# Just got Htp-5...



## moon37 (Feb 27, 2006)

I tried it last night...I think it may have helped me with some physical symptoms but the thoughts were still there...

I took a 100 mg of Natrol brand.

I might bump it up to 200 mg within a couple of days.


----------



## FearNoMore (Mar 29, 2006)

moon37,

Are you still taking 5Htp?
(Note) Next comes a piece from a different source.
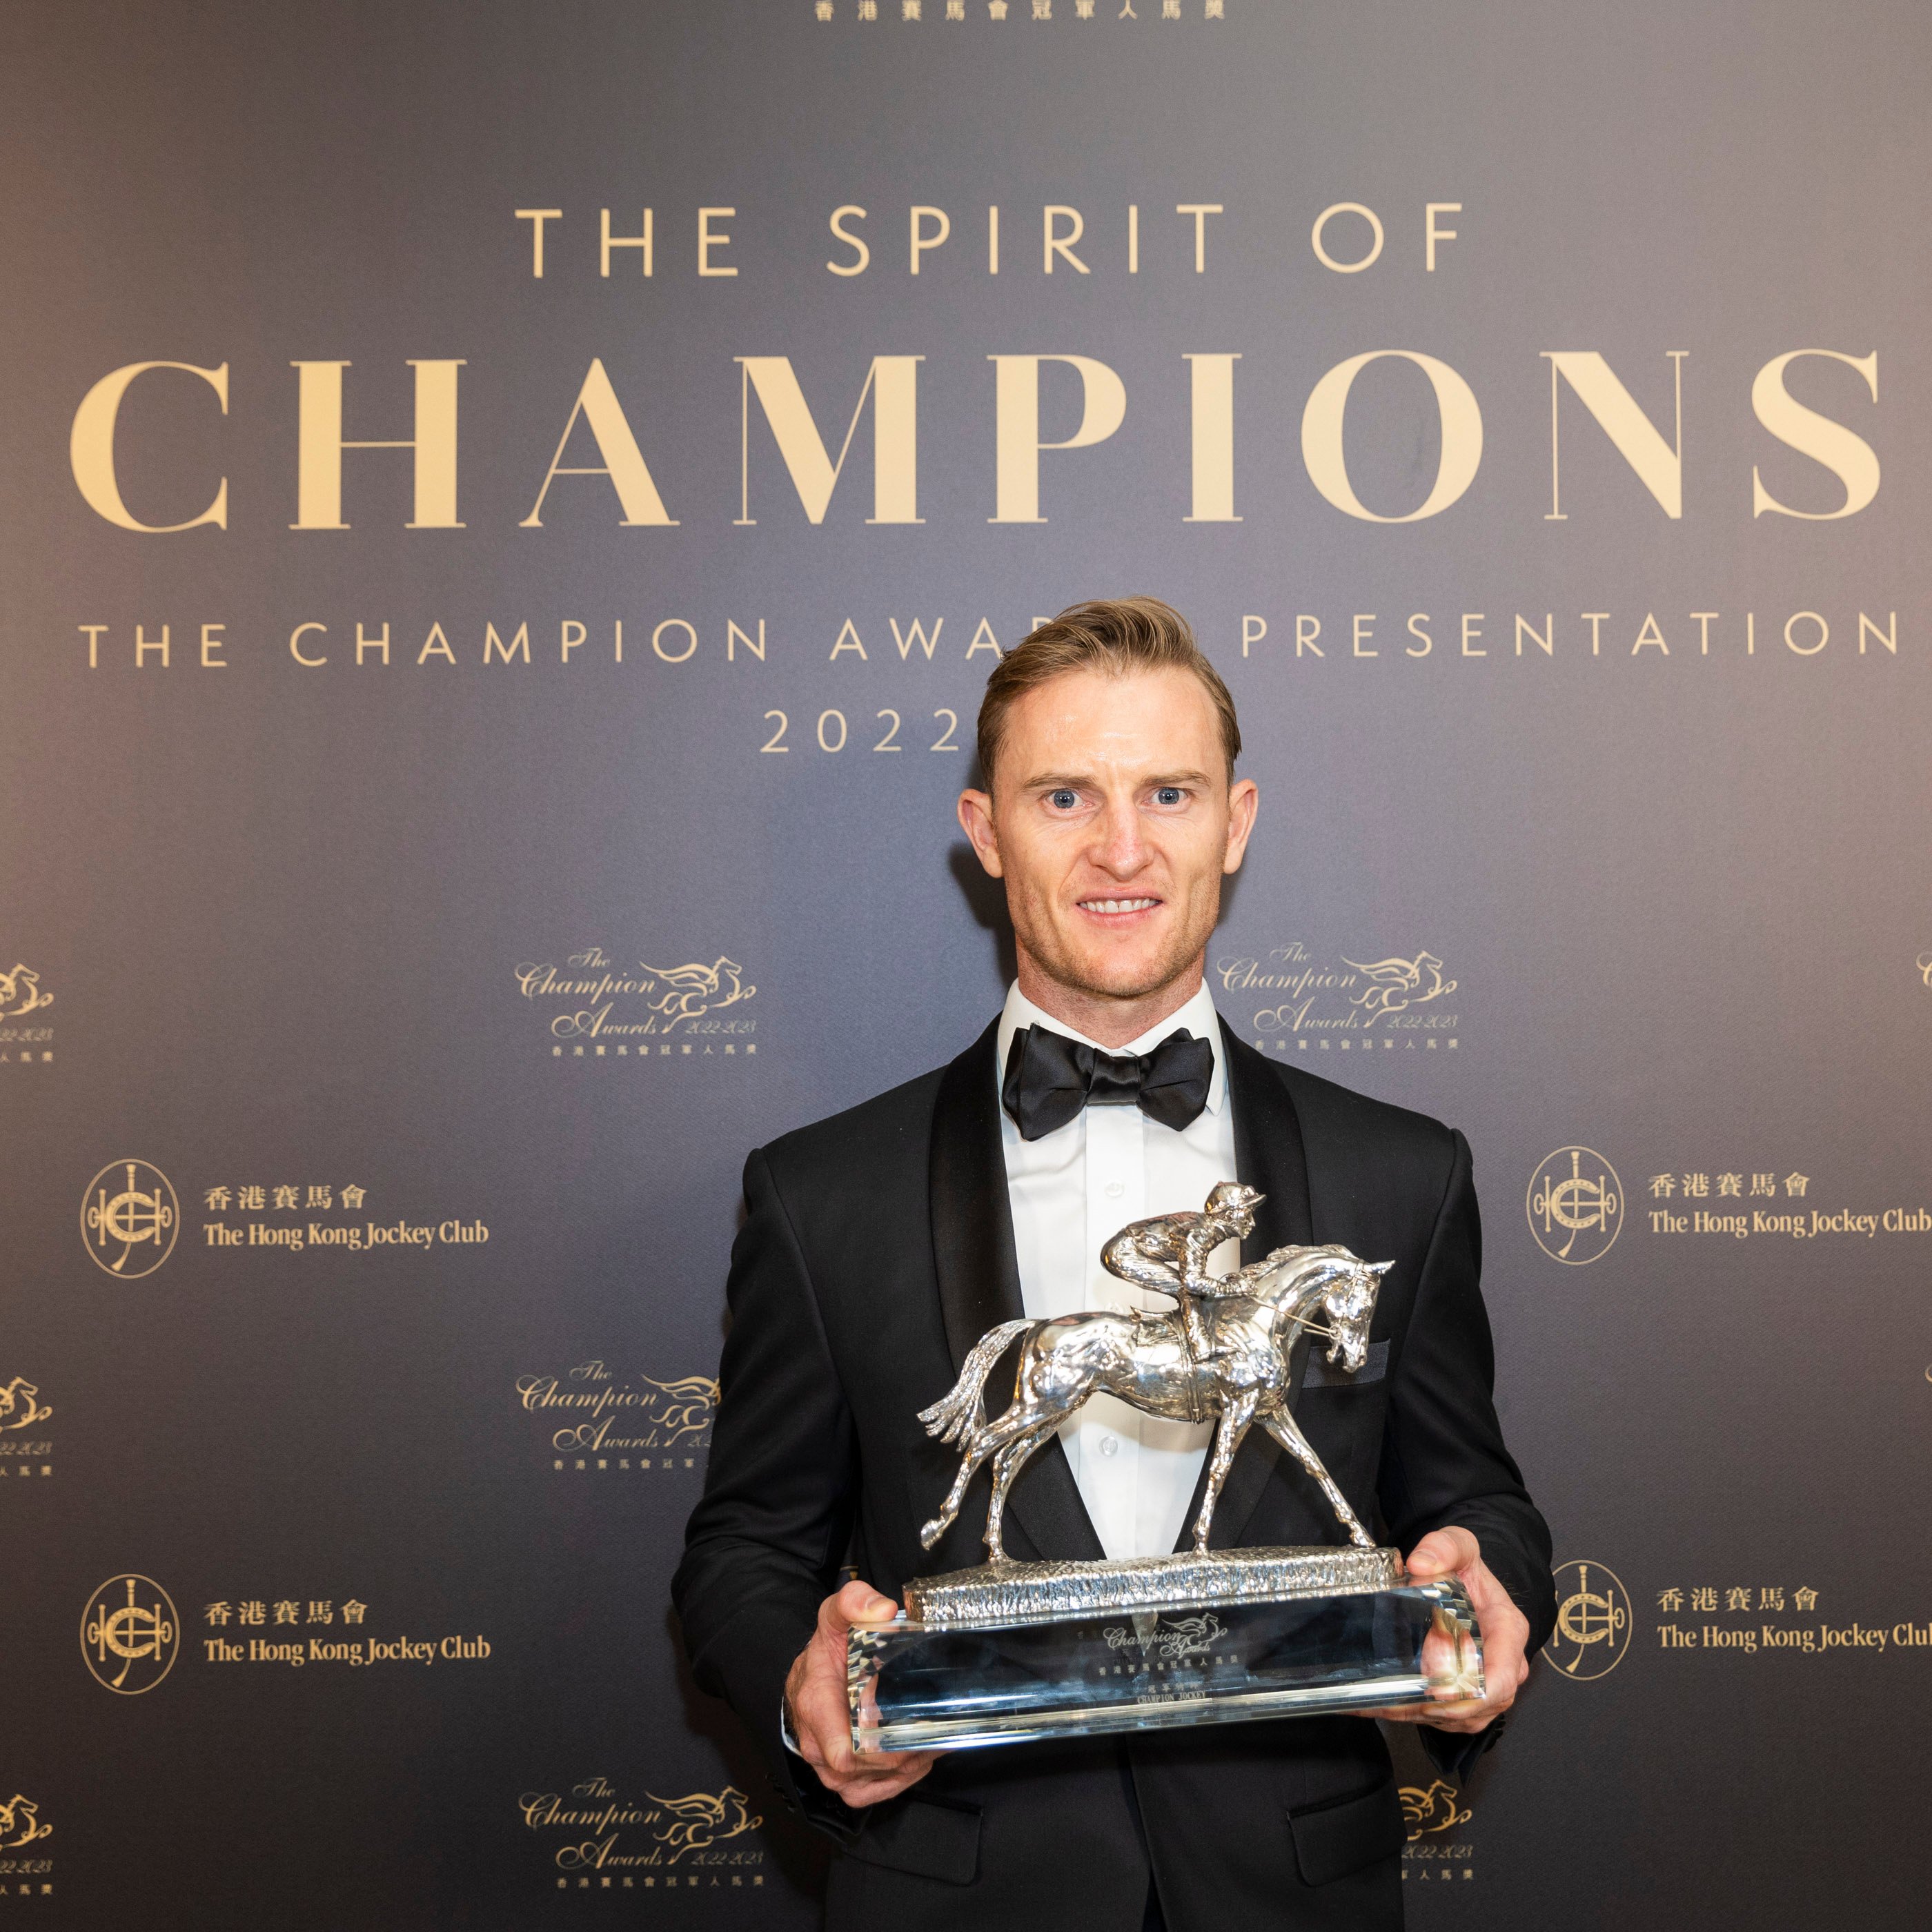  Zac Purton received his sixth Champion Jockey Award at The Champion Awards.

How is it going?


----------



## jjyiss (May 6, 2006)

5htp gives me explosive diarrhea, heheh, but it works occasionally with nardil


----------



## Inturmal (Jan 15, 2006)

I tried 5HTP for a few weeks. It didn't do anything for me.


----------



## naoko (Oct 5, 2006)

I've been on it for a few months and I think it helps a little. And sometimes I run out before I get some more and I do feel my anxiety getting worse around then, not sure if it has to do with just psychologically thinking it's not working or something.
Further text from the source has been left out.